Thanks for response dabayliss,

I am just going to attempt to clarify the spec for you because while the code you have put up is useful, it is not what I need to do.

To start at the beginning I have a set of patient data that concerns a type of cancer. This data contains not personal or identification information, but it contains relevant medical data like size of tumor, how defined the tumor was, what stage cancer it was and so on and so forth.

To get what I need out of this there are several steps.
1) I need to group the patients by the information that I wish to compare whether it be the size of the tumor or the stage of the cancer the patient was in, some other piece of information that is is the file or some combination of information so I can look at refined data sets for step 2.
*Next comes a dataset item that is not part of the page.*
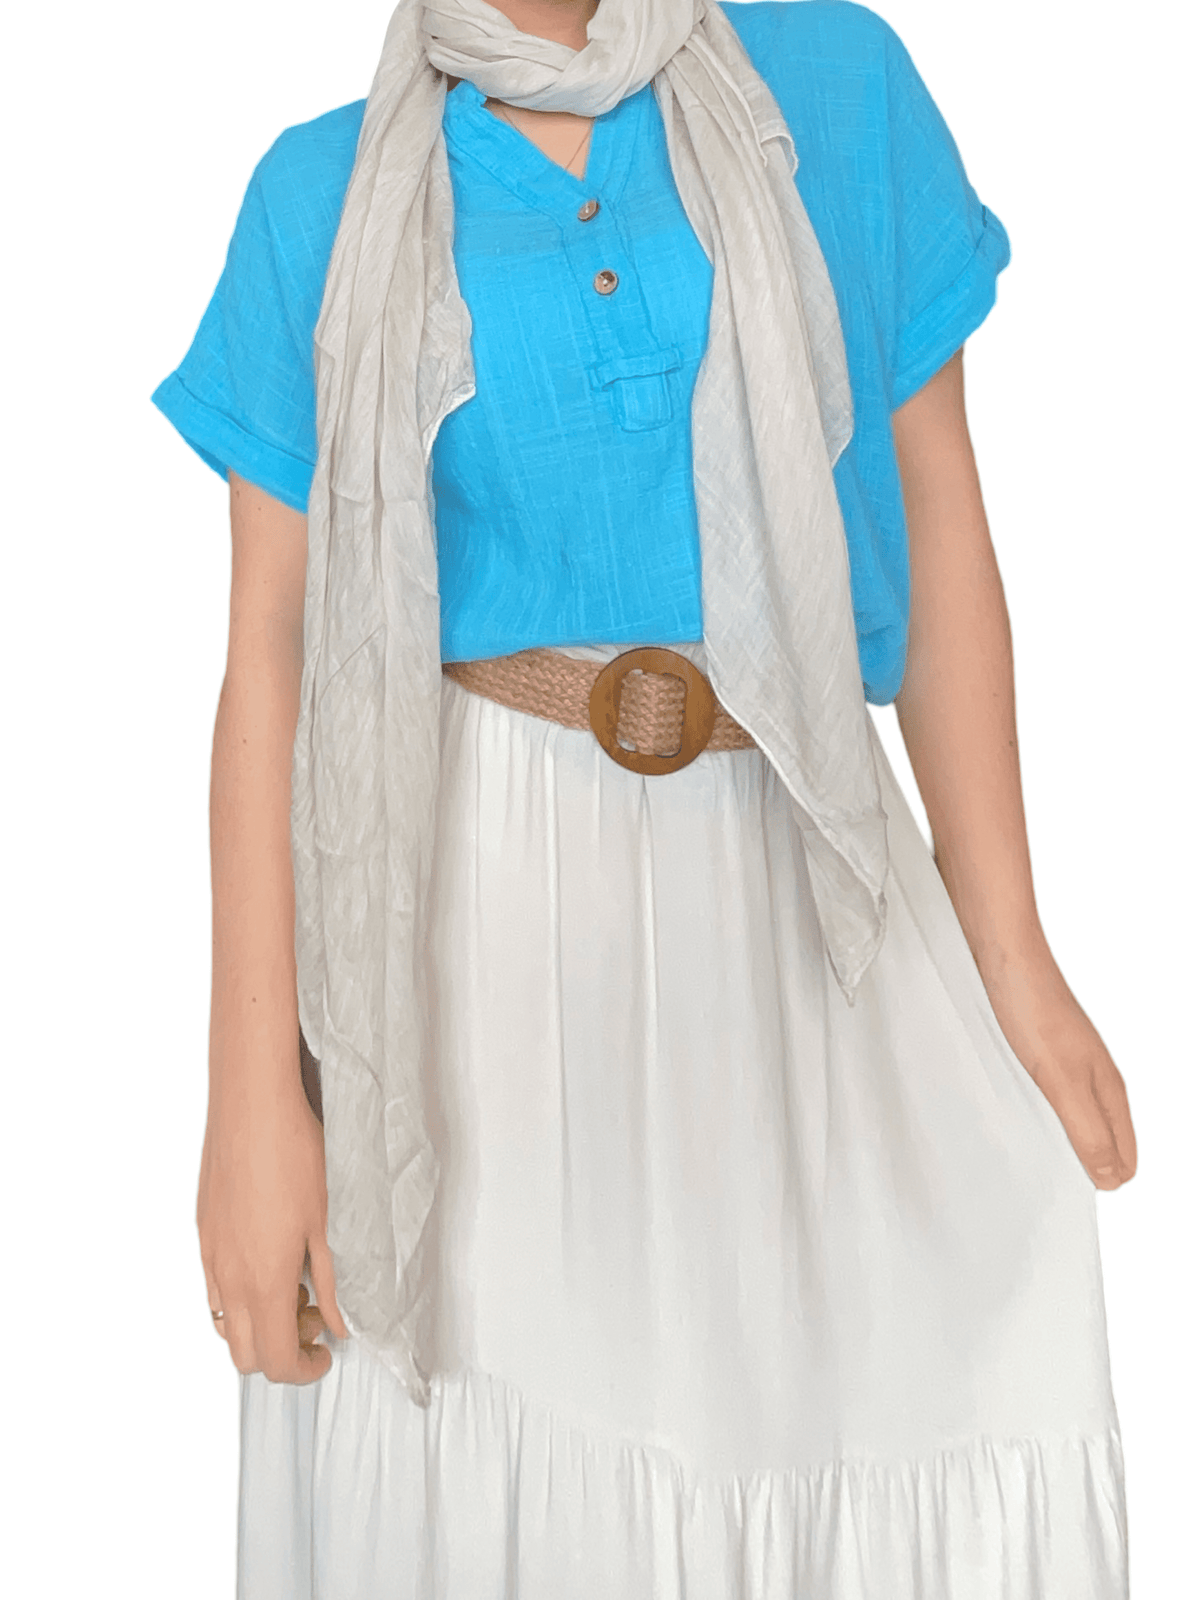 Blouse turquoise unie pour femme avec foulard beige.

2) I need to compute the incidence rates and overall survival rate for each group I create in step 1. For more information I recommend looking up hazard ratio and survival rate on Wikipedia because those are the algorithms I need to implement for this step and I do not wish to make this post overly long

3) I need to compute the distance between the clusters so I can cluster them in a Hierarchical fashion so people can look at how closely relate two groups are and then look at how their survival rates and hazard ratios over time differ

4) This is more a problem for the future after I get steps 1-3 working but I need to figure out how to do this for arbitrarily amounts of unique patient groups.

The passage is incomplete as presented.